Было десять утра или немногим позднее, время в тех местах, где солнце летом не заходит, роли не играло, и мы давно перепутали день с ночью. Огромное озеро лежало перед нами и казалось миражом. Дальнего берега не было видно вообще. Дул несильный ветер, я смотрел на воду и думал о том, что большего счастья в жизни нет. Не спеша разделся, сняв всю одежду, благо людей не было на много километров вокруг, и поплыл, смывая с себя грязь и пот предыдущих дней. Вода была прохладная, но разгоряченное тело этой прохладе радовалось и просило еще. Товарищ мой занимался в это время тем, что безуспешно купал в озере блесны, а третий человек в нашей компании разводил костер и готовил чай.
Это распределение обязанностей произошло случайно. Обыкновенно в походе мы выполняли кухонную работу попеременно, но тот, кого мы звали по имени-отчеству Иваном Ивановичем, в самом начале попросил, чтоб мы доверили дежурные обязанности ему одному. Мне стало не по себе от этой ненужной щедрости, но Павлик легко согласился, сказав, что ничего особенно сложного или неприятного в походном быту нет, а третий у нас все равно за новенького.

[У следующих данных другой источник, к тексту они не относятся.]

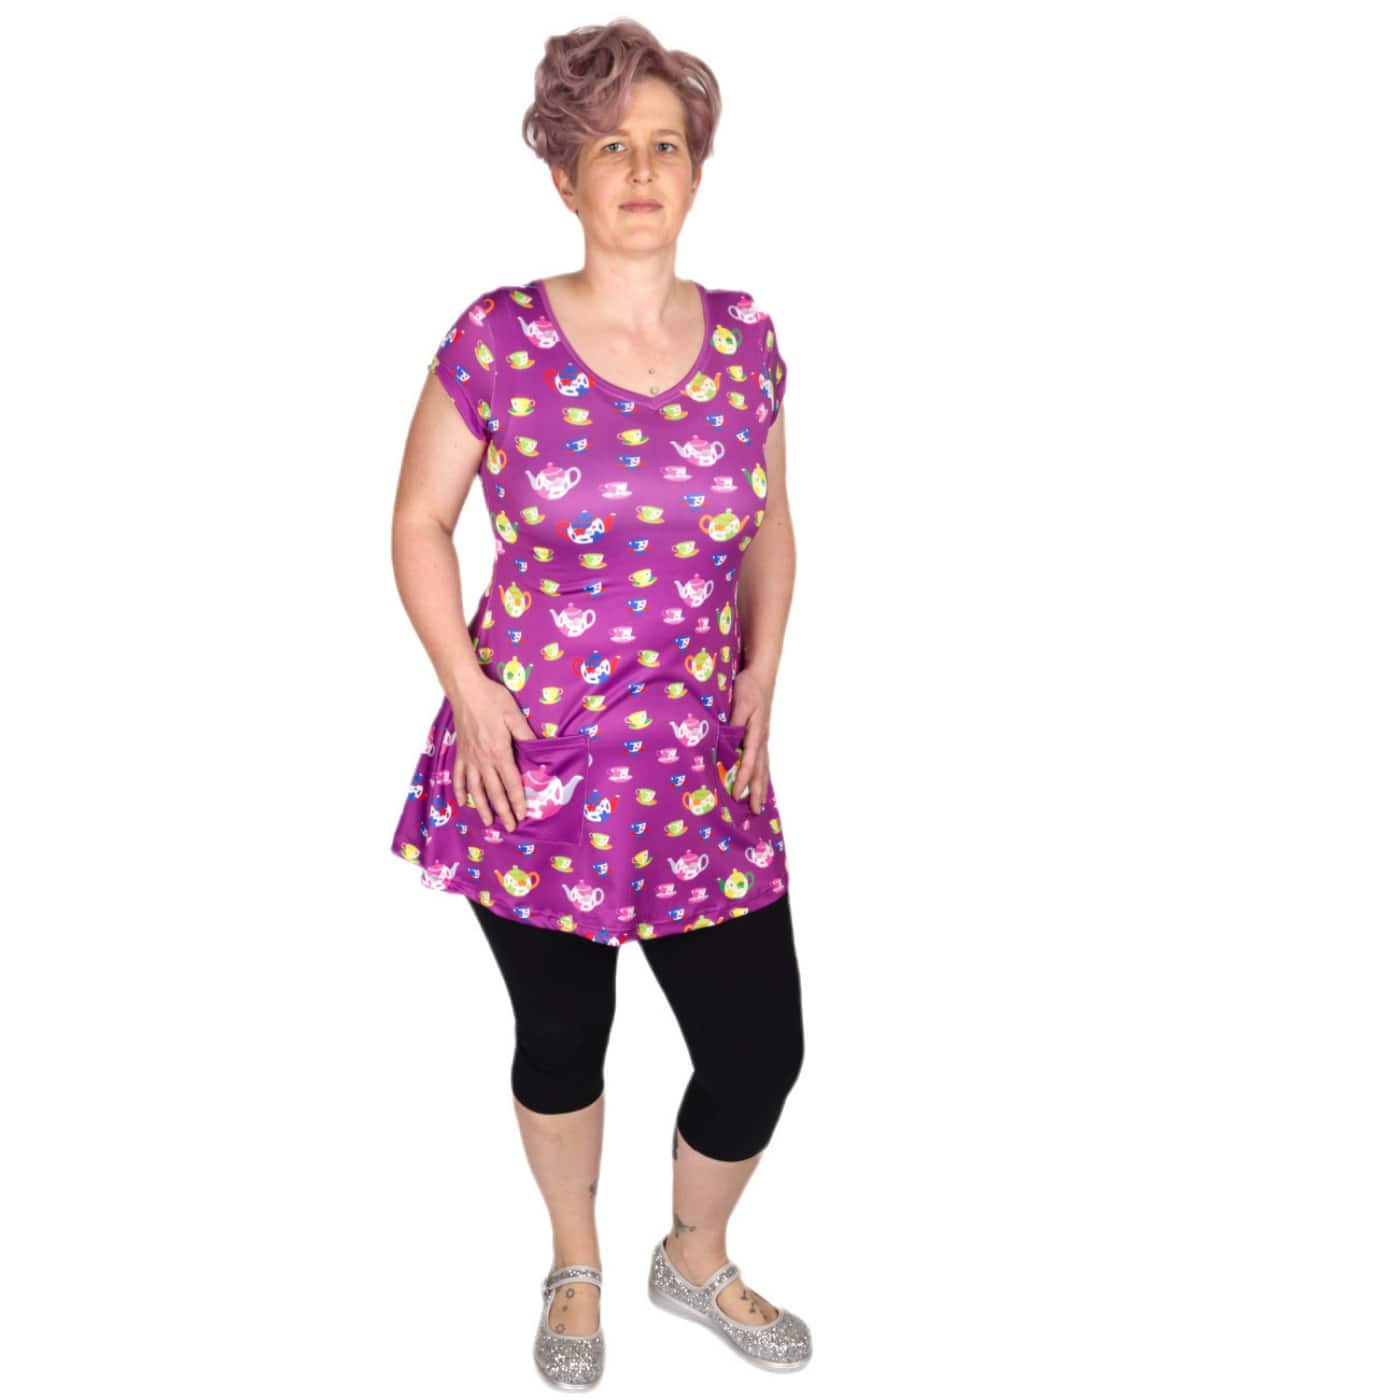 Tea Party Tunic Top by RainbowsAndFairies.com.au (Tea Cup - Teapot - Alice In Wonderland - Purple - Vintage Inspired - Kitsch - Top With Pockets) - SKU: CL_TUNIC_TEAPA_ORG- Pic-06

Он странно появился здесь. Накануне отъезда позвонил наш приятель, который должен был идти вместе с нами, и сказал, что ехать не может, но попросил взять вместо него друга его друга, которого он сам никогда не видел, но друг ручается, что человек надежный и очень хочет на Север. Мы взяли час на обдумывание этой комбинации и согласились. Нам нужен был для компании третий — во-первых, потому что было много снаряжения, а во-вторых, вдвоем мы достали бы друг друга уже через сутки, это было дело печально проверенное, однажды едва нас навсегда не рассорившее, и с тех пор мы с Павликом никогда не ходили тет-а-тет. Но когда мы увидели ночью на Ленинградском вокзале своего неизвестного спутника — толстого, нескладного, пожилого, с сумкой вместо рюкзака и в желтых сандалиях на босу ногу, в душе оба чертыхнулись.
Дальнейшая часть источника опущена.